Ralph R. Reiland: Blowing smoke
I was just beginning to write this column when eight people in nearby Brentwood Towne Square were being rushed to hospitals after a man, 58, plowed his Dodge Charger into the BoRics salon, injuring himself and seven other people, including customers and hair stylists.
Two of the injured, including the driver, were listed in critical condition.
“Allegheny County homicide detectives are investigating the crash,” reported the Tribune-Review's Natasha Lindstrom, “which they say they believe may be related to the driver having a medical condition or being under the influence of alcohol.”
Within an hour of the breaking news about the accident, I received an email linking the crash to my recent Tribune-Review column — “Can medical marijuana's effects really all be positive?” — in which I expressed some skepticism about the supposed lack of any downside effects associated with the legalization of medical marijuana.
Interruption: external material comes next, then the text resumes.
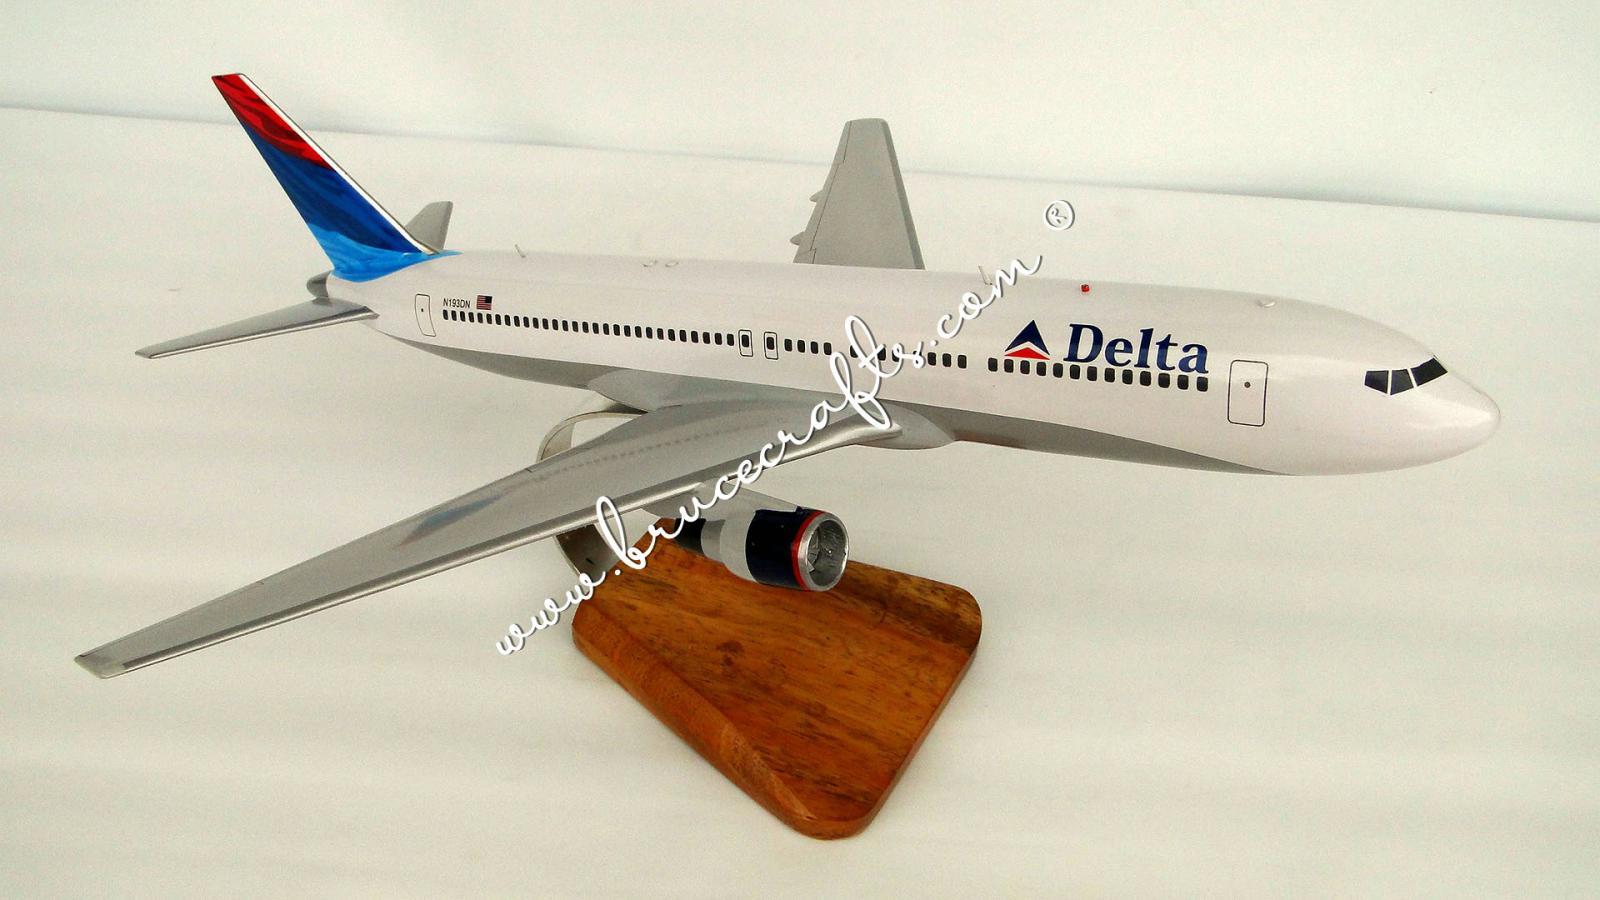 B767-300 Delta Air - Mahogany Wooden Aircraft Models – Boat & Ship Models Handmade Museum Quality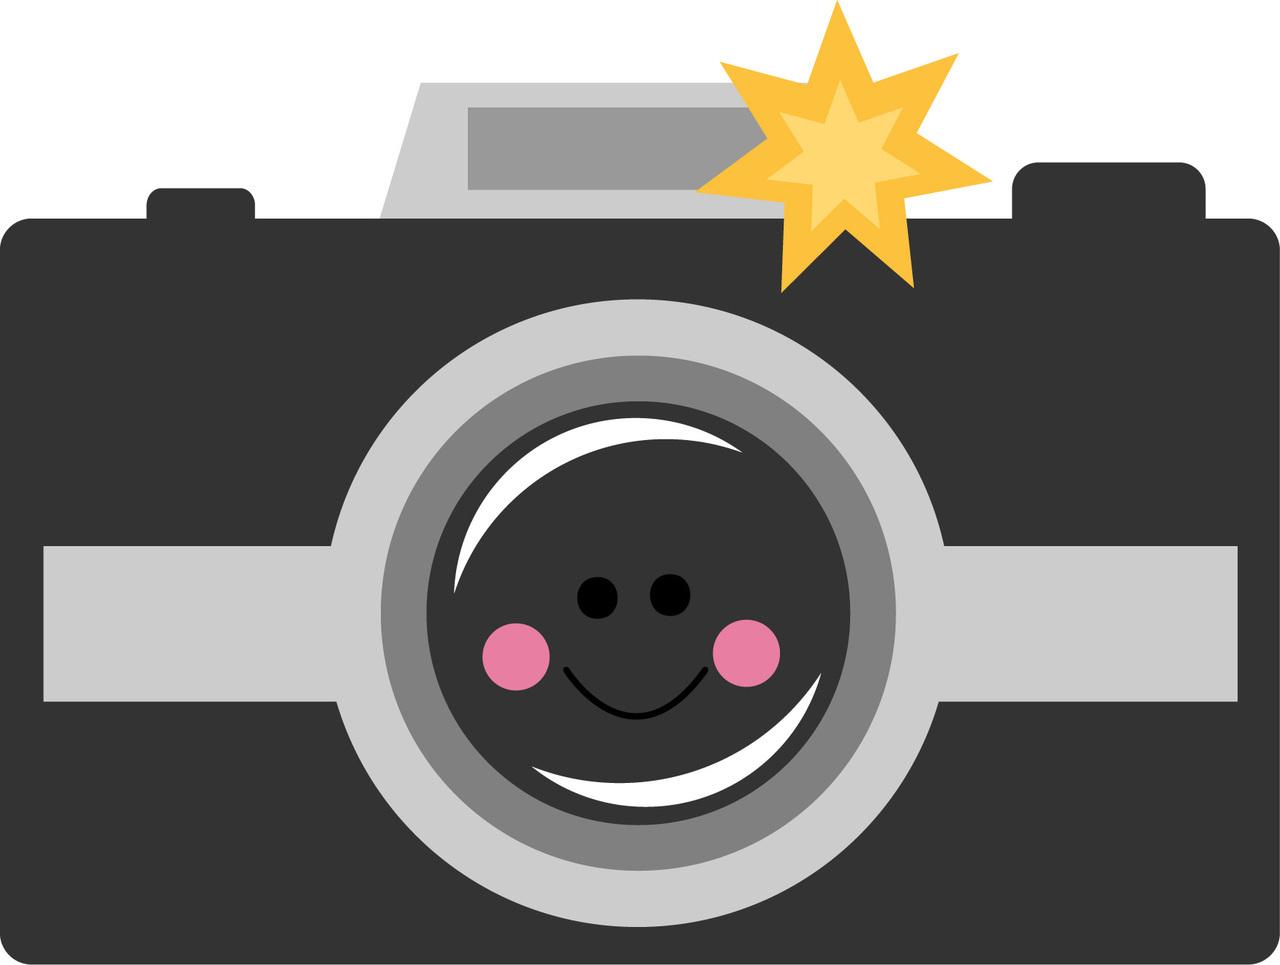 Smileys clipart camera Smiley (http://www Camera Smiley $0

“About the fellow driving through the hair salon tonight in Brentwood,” said the emailer, “it's more likely he was on Yuengling or Jack Daniel's than a marijuana brownie or a medically warranted and state-authorized dose of cannabis.”
Maybe so, but there's still a legitimate debate about the costs and benefits of the state's legalization of medical marijuana and whether the negative societal impacts have been pooh-poohed while the alleged upside effects have been widely trumpeted and overestimated.
The sales pitch, for example, that says a few decriminalized weed-growers are going to be the new Carnegie and Frick who deliver an economic rebirth to the Mon Valley seems a bit like some pot-laced pie in the sky.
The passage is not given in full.